本日2日、日本政府が国家安全保障会議の閣僚会合で、朝鮮民主主義人民共和国に対する「独自の制裁措置」の強化を決定したことと関連し、朝鮮総聯中央常任委員会の南昇祐副議長が記者会見を行い、談話を発表した。
(以下、全文)
日本政府は本日、国家安全保障会議閣僚会合(NSC)で、国連安全保障理事会の新たな対朝鮮「制裁」決議を踏まえ、朝鮮民主主義人民共和国に対する日本独自の「制裁」を強化するとして、従来の再入国禁止措置と資産凍結の対象範囲を拡大することを決定した。
われわれは、今回の決定を、米国主導の不当な安保理決議に積極的に追随しながら、米・日・「韓」三角軍事同盟を強化し、朝鮮に対する経済的封じ込めを強めようとする悪辣な政治的意図のもと、対朝鮮敵視政策と朝鮮総聯に対する政治的抑圧を強め、在日朝鮮人の人権を著しく踏みにじる許しがたい行為として強い憤りをもって断固糾弾し強く抗議する。
今回の国連安保理の新たな「制裁」決議が、わが国の自主権と生存権、発展権を全面否定した不当極まりない行為であるにもかかわらず、日本政府が米国や朴槿恵政権と結託し、わが国に対する独自の「制裁」措置をさらに強めることは、朝鮮半島の緊張激化だけをもたらす危険な行為である。
今回の決定は、再入国禁止対象者の大幅な拡大、共和国への送金禁止、「万景峰-92」号をはじめとするすべての朝鮮籍船舶の入港禁止などを定めた前回の不当な措置をさらに拡大強化することによって、朝鮮総聯の公正な活動をより厳しく規制し、在日同胞の祖国往来の自由と初歩的権利をより深刻に侵害するものである。
在日同胞の再入国規制の範囲を拡大することによって、帰国した祖国に住む高齢化した親や兄弟に会う機会をさらに奪うことは、きわめて非人間的かつ非人道的行為である。
日本が、敗戦後70年の今日に至るまで、植民地支配の犠牲者である在日同胞とその子孫に対し過去を償うどころか、差別・抑圧し続けていることは、世界に類を見ない「人道に反する罪」であり、国際法や戦後の国際常識からしても到底許されることではない。
今回の決定が朝日関係にも重大な影響を及ぶすことは明白である。
日本政府が今年2月に独自の「制裁」を復活・強化し、2014年5月の朝・日ストックホルム合意を一方的に破棄することによって、みずから対話の道を閉ざしたことは周知の事実である。
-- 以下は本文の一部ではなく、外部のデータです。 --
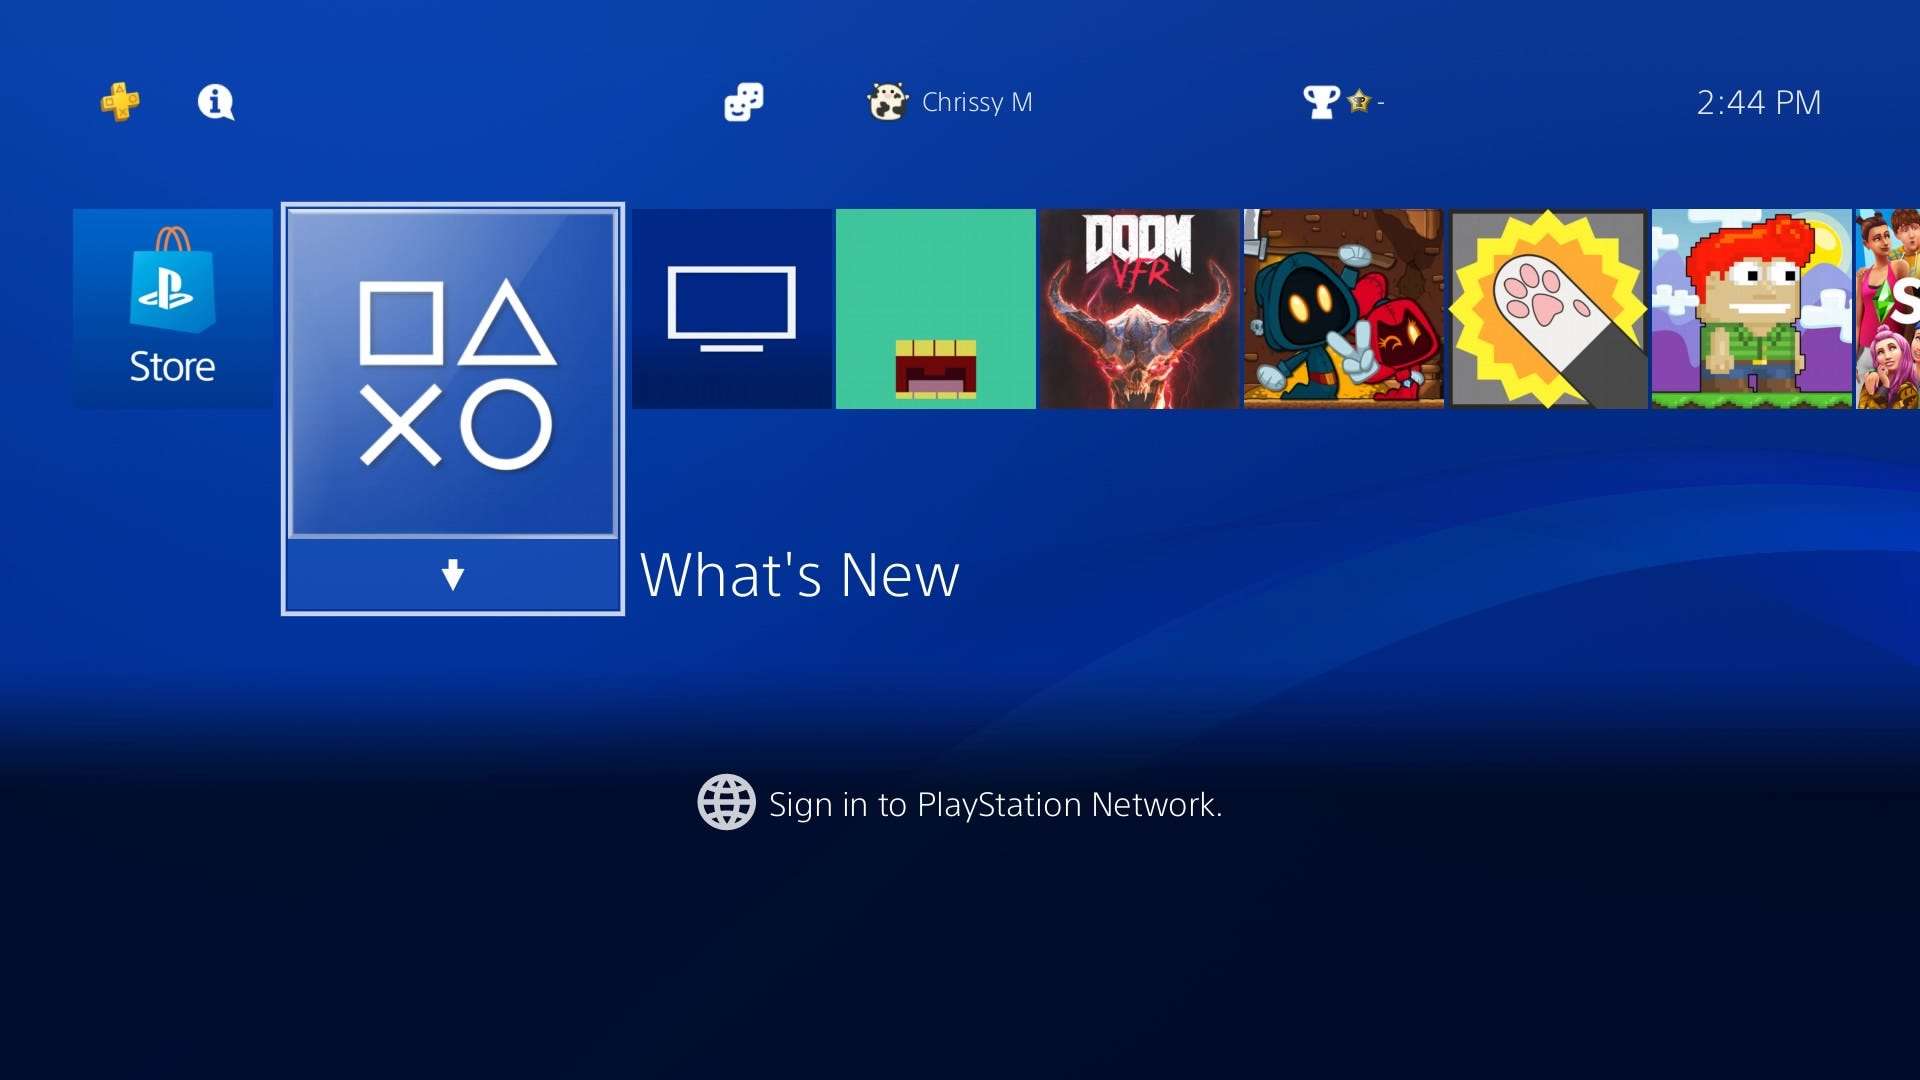 Set up PlayStation Network as an identity provider

今回、日本政府が「対話と圧力」といいながらも、米国に追従し、独自の「制裁」措置を拡大強化することは、拉致問題を含む対話の可能性を完全に放棄するに等しい無責任な行為であり、制裁緩和と交渉を求めている人々をも落胆させることになろう。
朝鮮半島と北東アジアの平和と安全が切実に求められている今日、今回の決定は時代の流れに逆行し、朝日両国民の志向と利益に反するものである。
2006年10月の第一次安倍政権による「制裁」実施から10年が経過したが、その間、圧力と制裁がもたらしたものは、朝鮮半島の緊張激化と朝日間の不信と対立の悪循環のみである。
われわれは、安倍政権が朝鮮に対する不当な「制裁」を撤回し、朝鮮総聯に対する政治的弾圧と民族教育に対する不当な差別、在日朝鮮人に対する人権蹂躙を直ちに中止することを強く求める。